Hace una semana fui a tomarme una muestra de sangre. La endocrinóloga debe revisar mis niveles de testosterona y de estradiol para ver cómo va el cambio. Al llegar al laboratorio, la mujer que me atendió en el box de pagos me solicitó mi carnet de identidad. Miró mi nombre. Luego vio mis ojos maquillados. El resto de mi rostro estaba cubierto por una mascarilla. Antes de levantarme de la silla le pregunté si en esta clínica existía el uso del nombre social. Me dijo que iría a preguntar. Se demoró menos de un minuto, cuando la vi salir de una puerta para pararse a mi lado. Casi susurrando me dijo: se necesita una serie de documentos para hacer el cambio, pero no se preocupe, no la van a llamar por el altoparlante, yo le indicaré adónde ir. Fue un hermoso gesto. Ella entendió que el carnet de identidad no porta, necesariamente, mi proceso de vida. Ahí solo se constata un hecho que nunca había sido cuestionado.
***
Desde hace unos meses he dejado de llamarme a mí misma con el nombre que me pusieron mis padres. Y, desde hace un tiempo, he dejado el pronombre masculino para hablar de ella. Yo soy ella. Cuando declaré mi identidad trans a mis amigxs y cercanxs no sabía muy bien cómo era el camino a seguir. Transicionar de un género a otro no es sencillo y tampoco es lineal. No hay algo que venga primero. No hay pasos a seguir. Te los vas inventando en la medida que vas dándole un sentido. Yo no sabía nada del asunto. No sabía, ni siquiera, que ésta era una opción de vida para mi vida. Fue como la invitación a un juego nuevo: dentro de este espacio tendría otro nombre y me convertiría en otro personaje distinto al de la rutina establecida hasta ahora. Me invité a jugar a mí misma. Y una vez creadas las reglas del juego —que nunca terminan de construirse—, fui invitando a lxs demás a jugar conmigo. Todos moviéndonos de lugar para encontrar un puesto. Aún no estoy segura de haber encontrado el mío. El camino se irá armando con el tiempo. Como el sentido. Espero.

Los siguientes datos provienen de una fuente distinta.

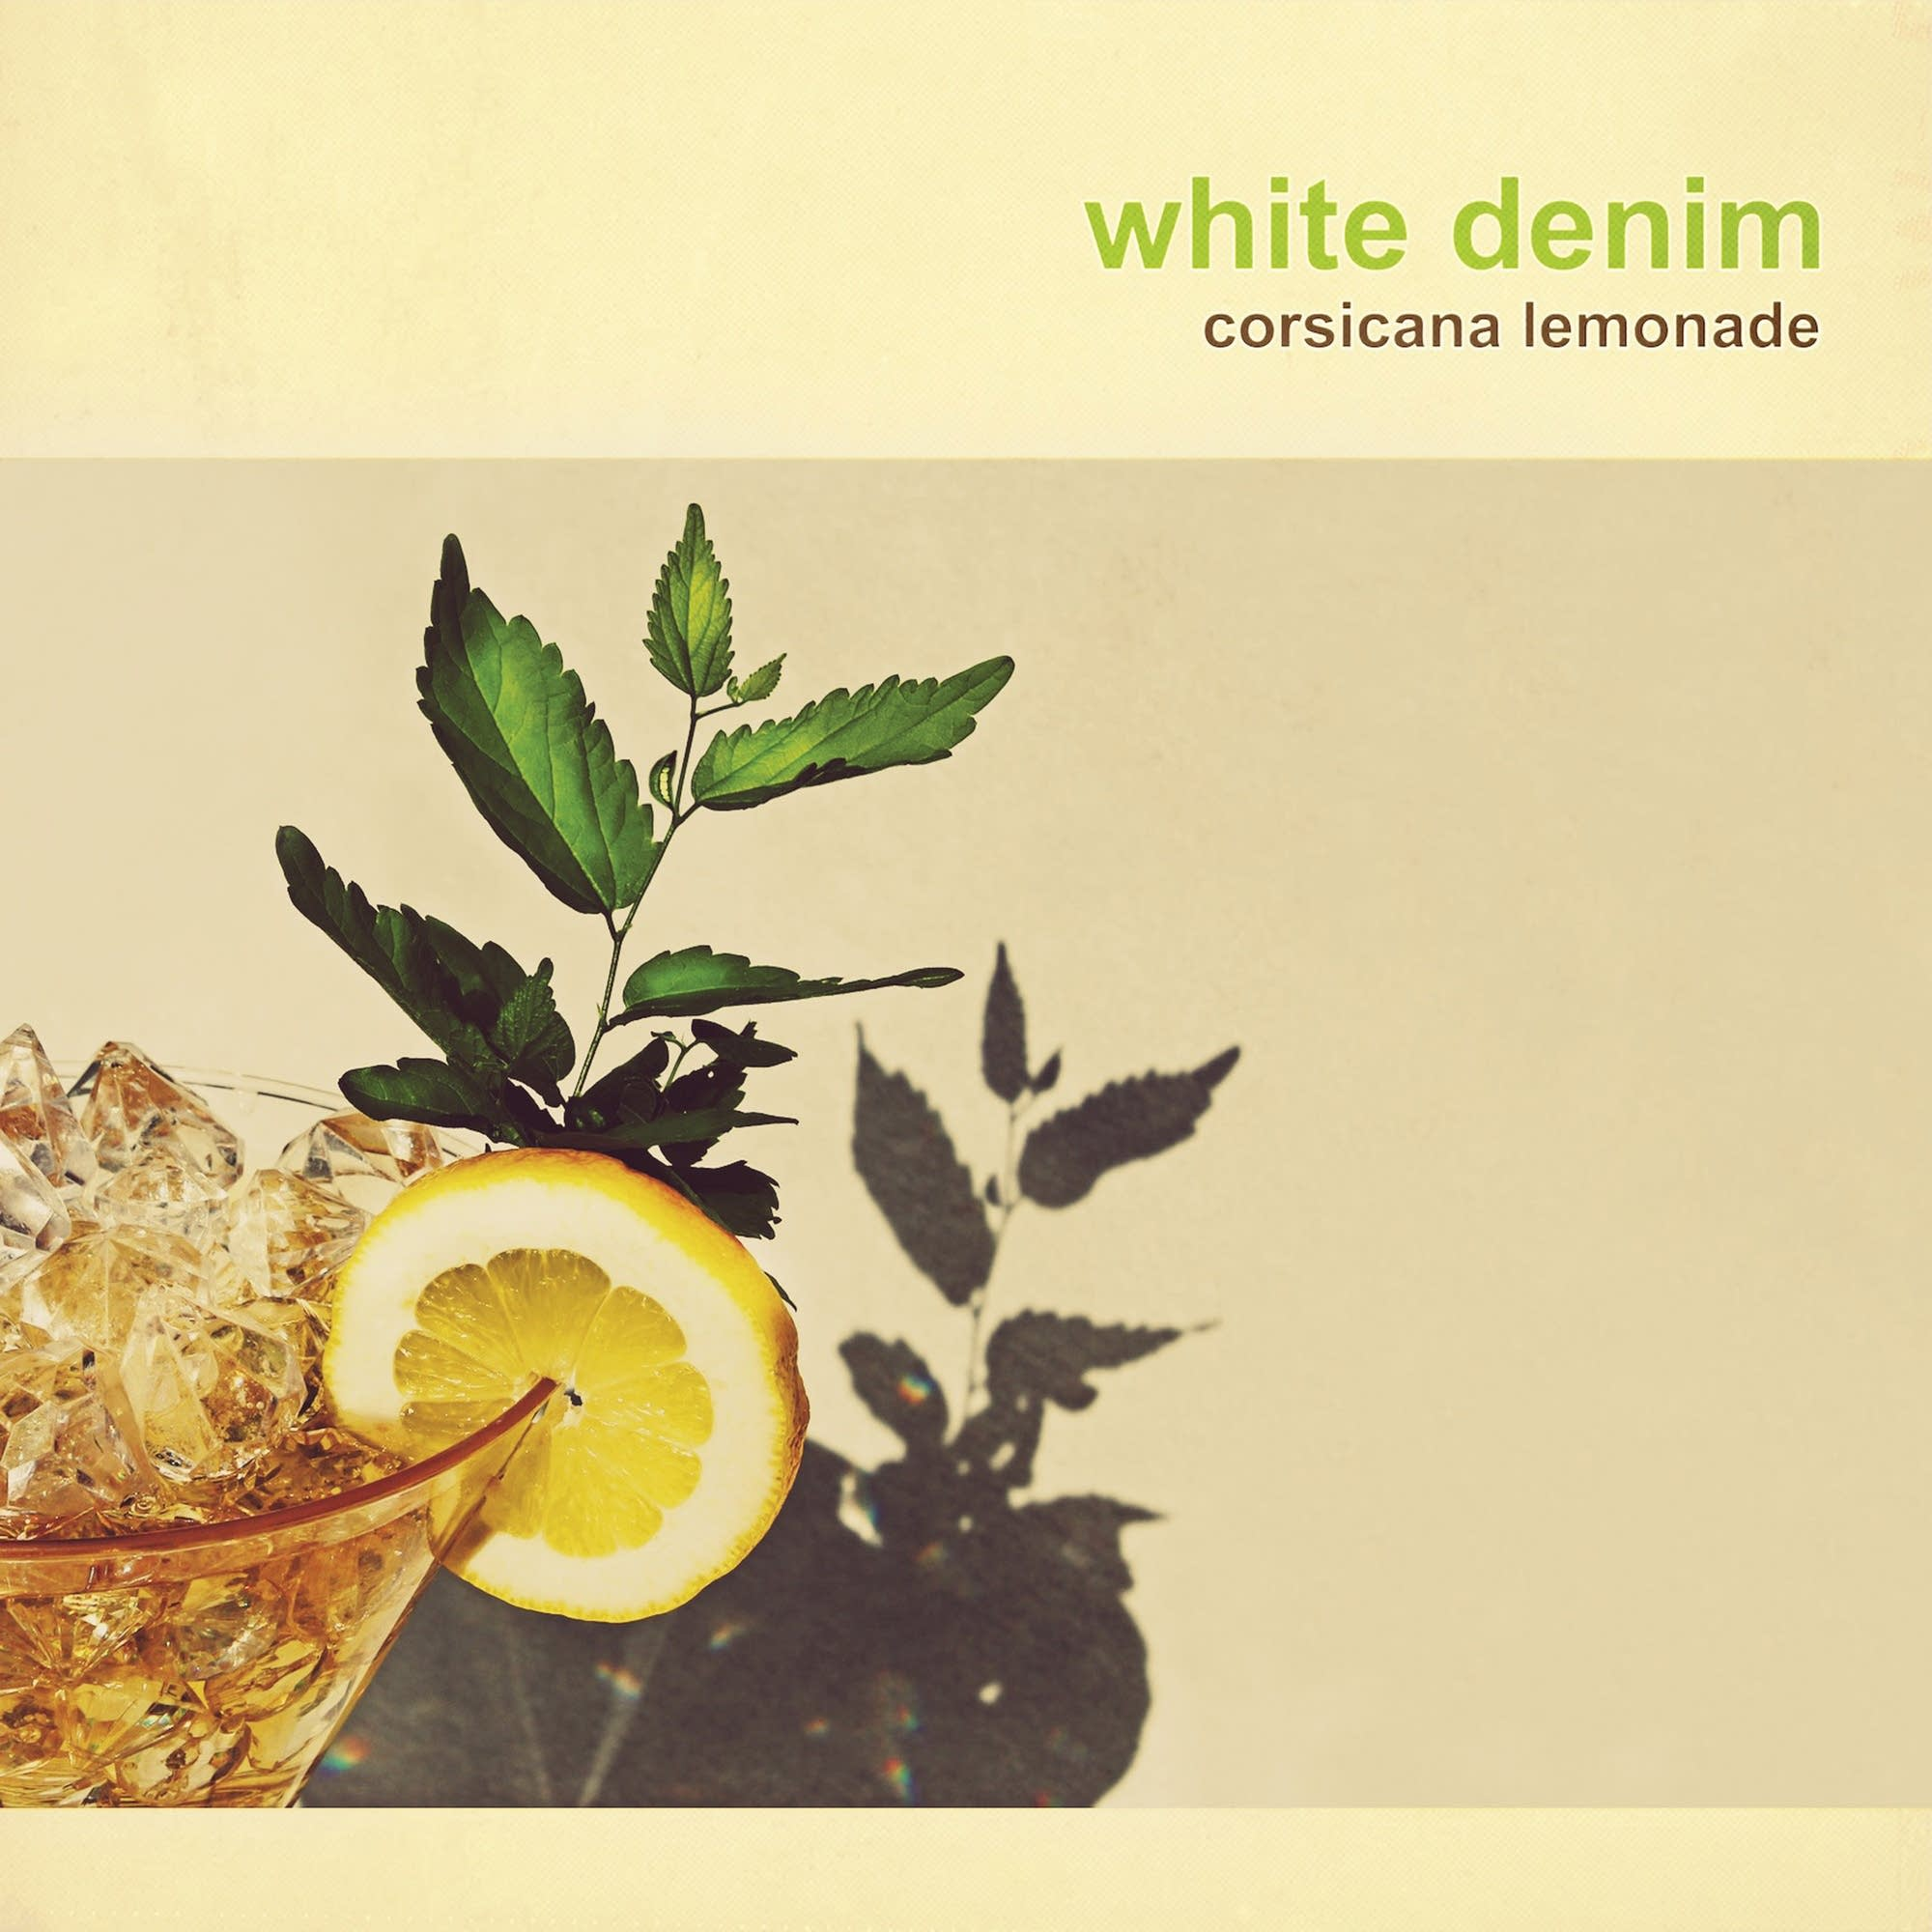 ¿Qué Estás Escuchando? - Página 40 Fe4522-20131018-white-denim-corsicana-lemonade

Tengo muy en claro que no existe una sola manera de transicionar. Eso lo aprendí leyendo y conversando con quienes sabían del asunto. No es obligatoria la hormonización, la cirugía, el maquillaje, el vestido. Todas son opciones válidas. Pero sí creo que el nombre es uno de los pasos más decisivos en una persona trans. Y, aunque no lo parezca, es lo más visible, es lo que da cuenta del quiebre identitario construido hasta ese momento. Nombrarse a unx mismx es un acto de creación propio. Eliges tu lugar en el mundo.
***
Hay una escena de mi infancia que nunca he podido olvidar. Lo que recuerdo, en realidad, es la grabación de esa escena. Década de los noventa. Mi abuelo paterno tenía una cámara filmadora en tiempos en los que pocos accedían a una. Era un bien común para toda la familia. Así dejábamos huellas de nuestros viajes y, al final de las vacaciones, en reuniones masivas, entre empanadas, Coca Cola y una oración por los alimentos, veíamos esas películas sin argumentos.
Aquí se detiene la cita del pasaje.